Eran las cuatro de la mañana. La calle apenas silenciosa. Se escuchaban repiqueteos aquí y allá, como drizas golpeando los mástiles de los veleros. Algún batir de ventanas. De repente, llegó como una oleada de murmullos inacabables, un ronroneo primero, un borboteo después, para transformarse en un rumor de roqueríos que se desplazaban hasta desaparecer.
Luego, silencio.
Silencio hasta que regresó, minutos después, el murmullo sordo, pero en esta ocasión resonaba más cerca, más fuerte, sin llegar a ser embrutecido, pero sí más consistente que los ronroneos de antes.
Estoy en la sala de mi casa, desvelado antes de los ruidos. Me asomo a la ventana y veo el cielo cárdeno y un nuevo rumor de oleaje más fiero que culmina en, ahora sí, un estallido lejano, de forma clara y audible, un estallido.
Al que continúa más rápido otro y un cielo que se resquebraja con las redes que conforma un relámpago. Un látigo azulado, casi añil, que se extiende como un sistema venoso por el cielo, iluminándolo de manera fragmentaria.
Otro retumbar, ahora sí, de solidez evidente.
Abro la puerta de la terraza y las gotas de lluvia me empapan el rostro rápidamente. El viento es frío sin llegar a ser helador, pero la noche es oscura y desapacible. Trueno. Esto es un trueno. Largo y perezoso. Un trueno que prolonga su llamado más allá del mar.

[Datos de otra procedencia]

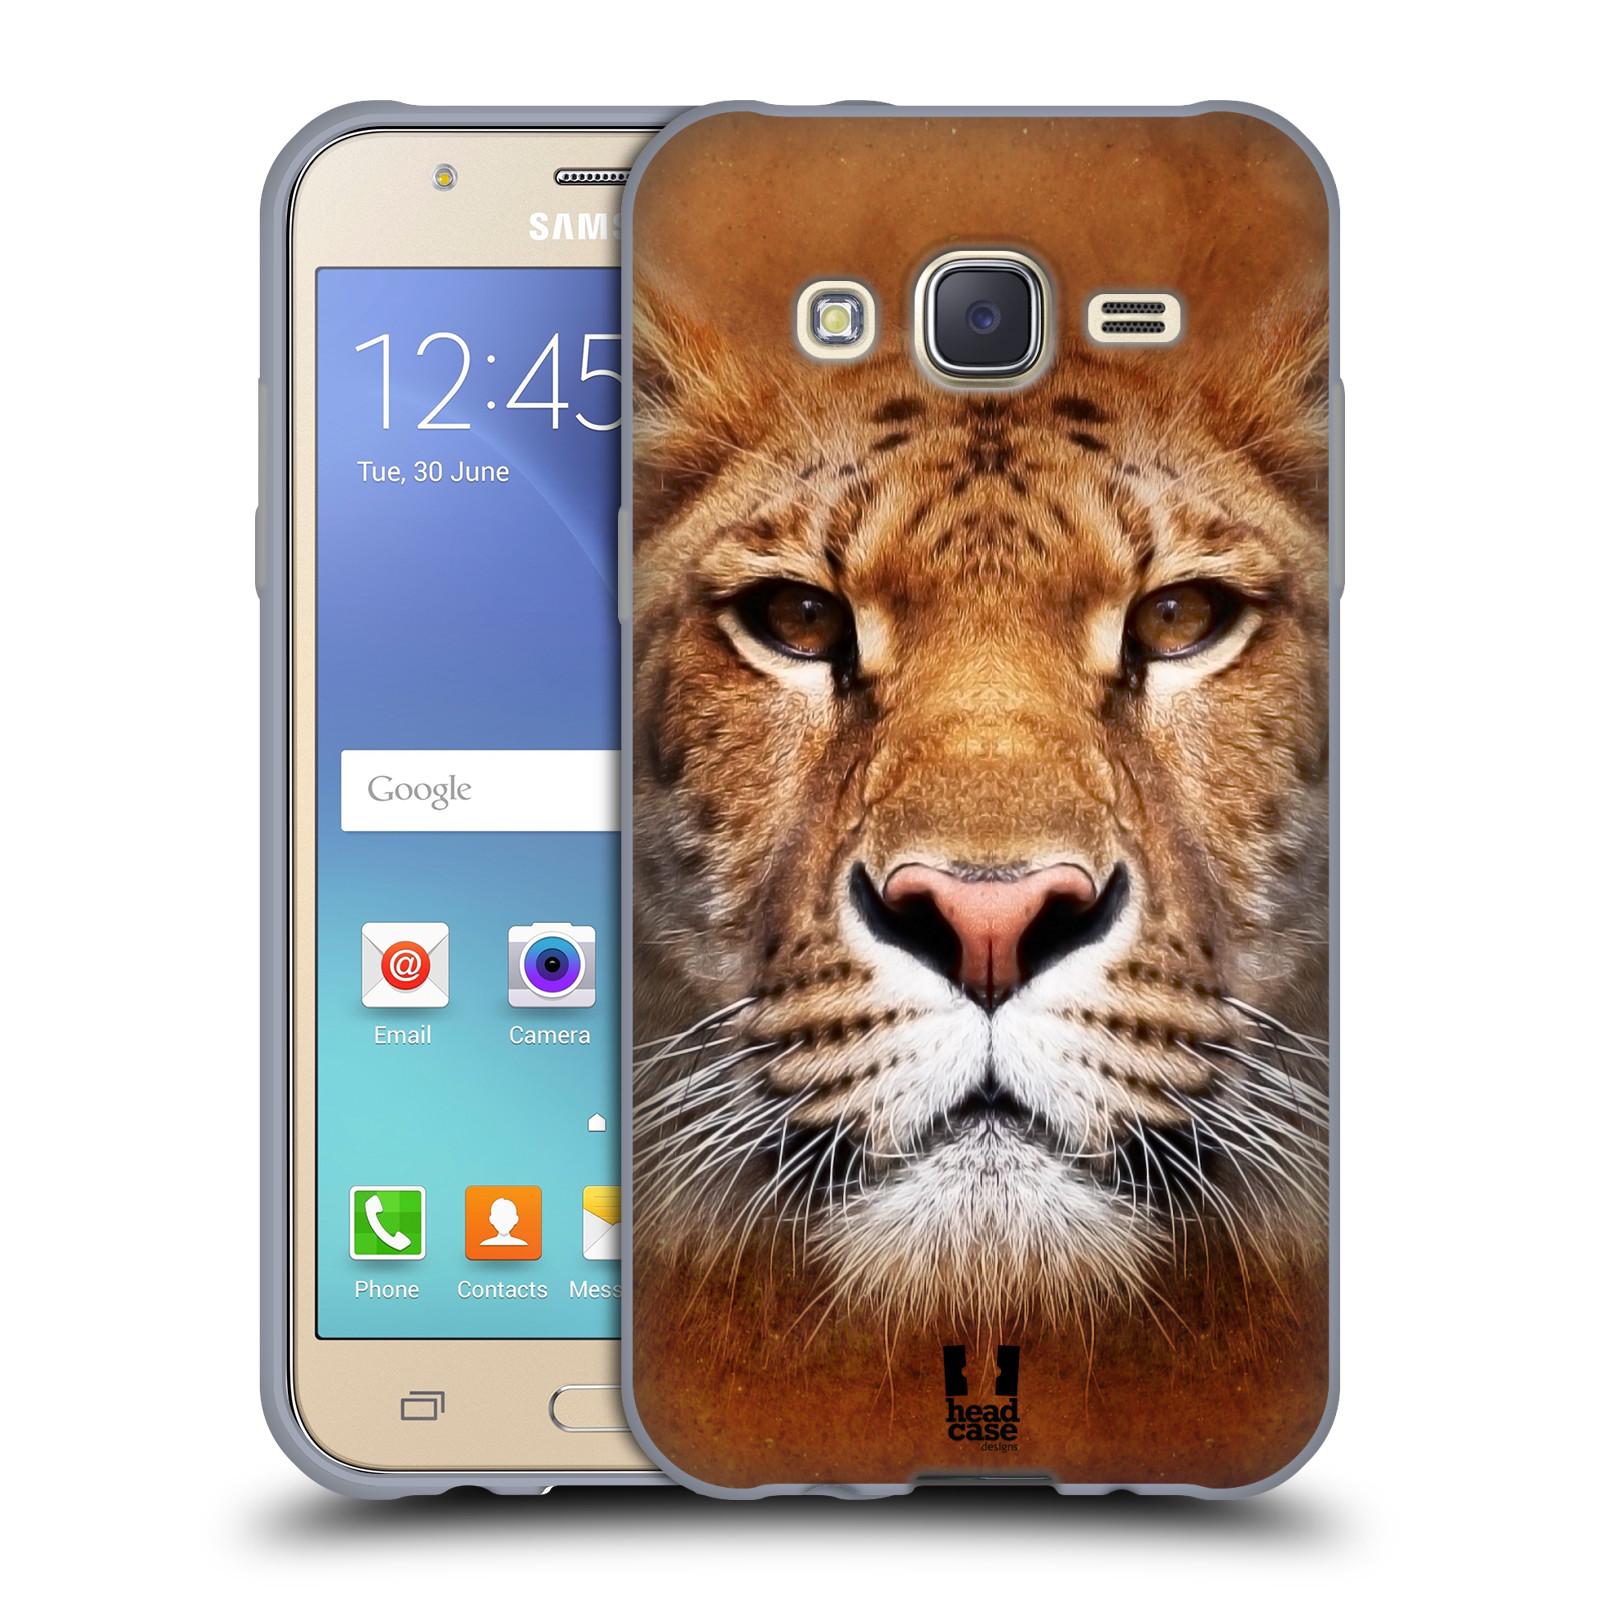 HEAD CASE silikonový obal na mobil Samsung Galaxy J5, J500, (J5 DUOS) vzor Zvířecí tváře Sibiřský tygr

Un rayo rápido preñado de energía y la descarga casi ensordecedora, como si la tierra se abriera, contundente y brutal. Tanto que hace retumbar los cristales. A ese primer mazazo le siguen otros y otros hasta que la tormenta pasa por encima de nuestras cabezas en la calle Serenata y la oímos partir hacia levante.
Y agua, aguacero que cae como lluvia de vida sobre nuestra tierra seca, de sed perenne y voraz, permanente.
Sierra Blanca y Sierra de las Nieves, Sierra Alpujata beben con fruición y desbordan los cauces de sus arroyos y ríos.
En agosto recordaremos estos días. Y diremos, menos mal que llovió en marzo.